The Transylvanian Hound is an ancient Hungarian hunter created by special climate, terrain and hunting conditions. His whole appearance reflects nobility and harmony. Due to his medium-size, his body is athletic, lean, muscular, and exaggerated, and his movement is balanced and elegant. Its basic nature is calm, balanced yet firm, temperamental and adaptable. Their playful nature makes them an ideal family favorite. Because of their balance and friendliness, they can be kept both in an apartment or house. His courage and loyalty make him a good guard.

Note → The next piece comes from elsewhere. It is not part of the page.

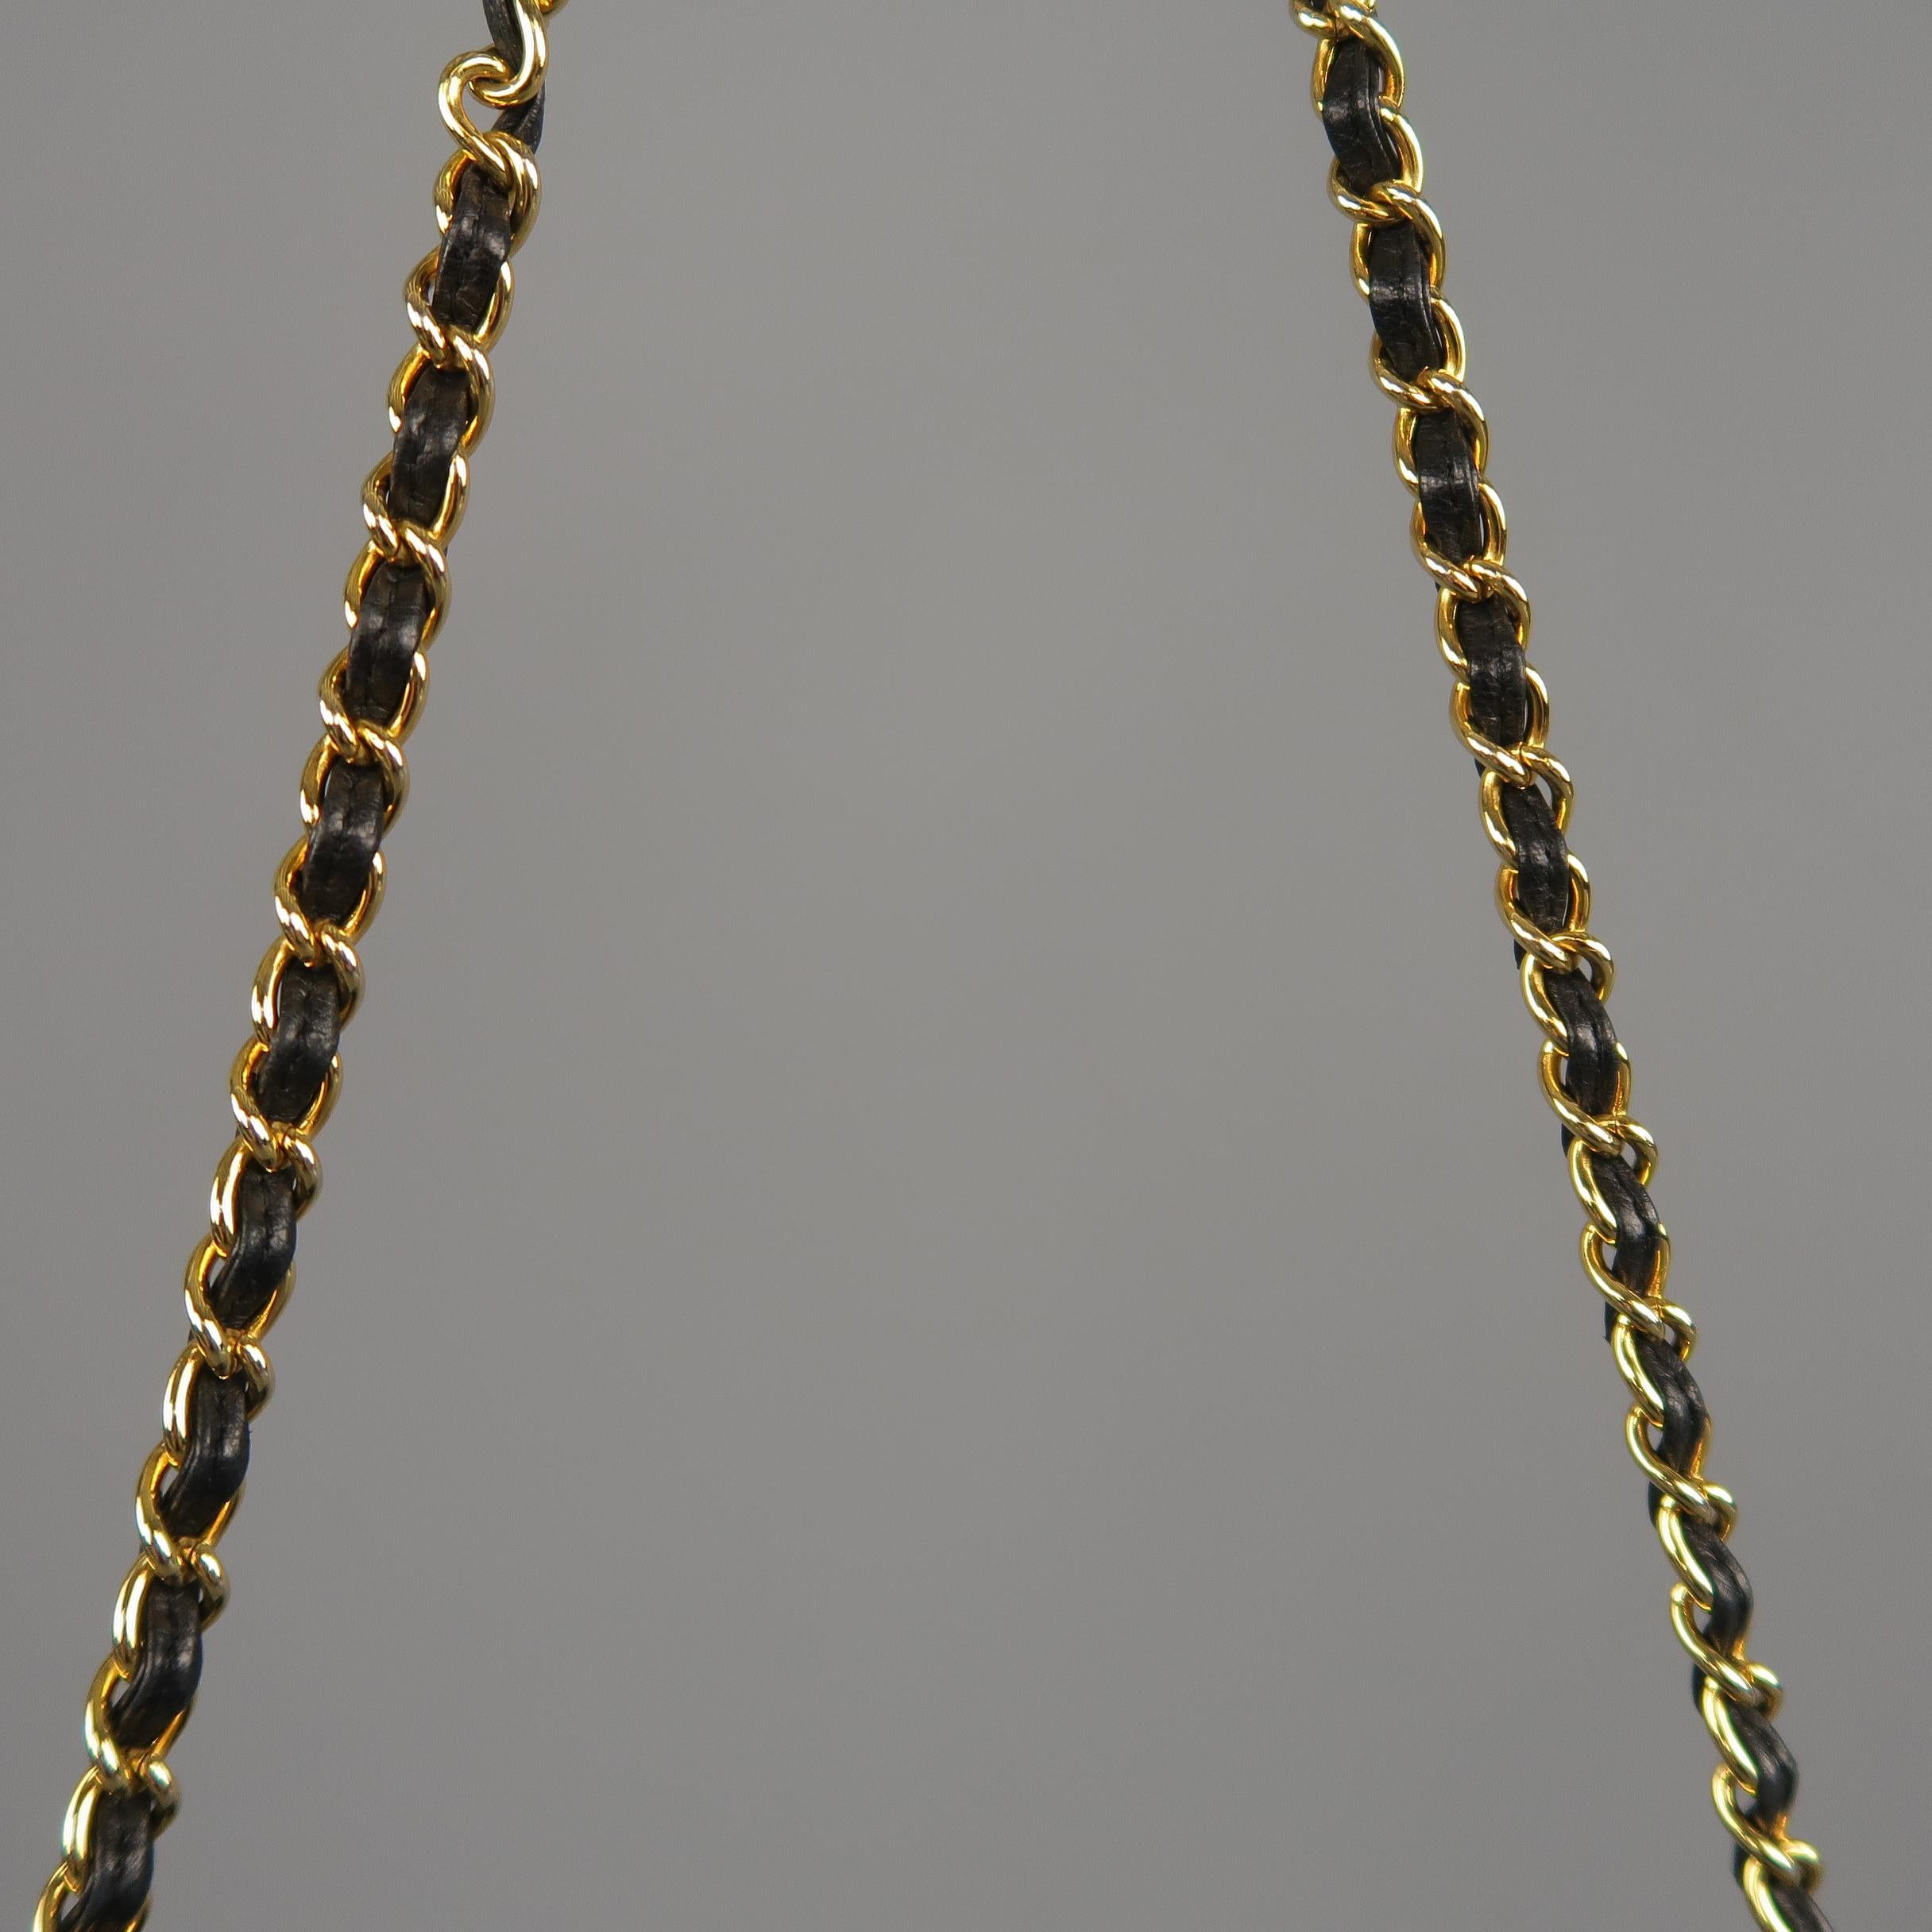 Vintage CHANEL Black Quilted Lizard Leather Gold Chain Strap Shoulder Handbag 4

This scent hound is a basic dog, but it can also be used for retrieval. Hunting in a group or alone, you will hear a far-ranging, high, ringing tone indicating the direction of the game. Working far from the farm, they developed problem-solving abilities and through the centuries have become highly intelligent.
The Transylvanian Hound should do well on a high-quality dog food, whether commercially manufactured or home-prepared with your veterinarian’s supervision and approval. Any diet should be appropriate to the dog’s age (puppy, adult, or senior). Some dogs are prone to getting overweight, so watch your dog’s calorie consumption and weight level. Treats can be an important aid in training, but giving too many can cause obesity. Learn about which human foods are safe for dogs, and which are not. Check with your vet if you have any concerns about your dog’s weight or diet. Clean, fresh water should be available at all times.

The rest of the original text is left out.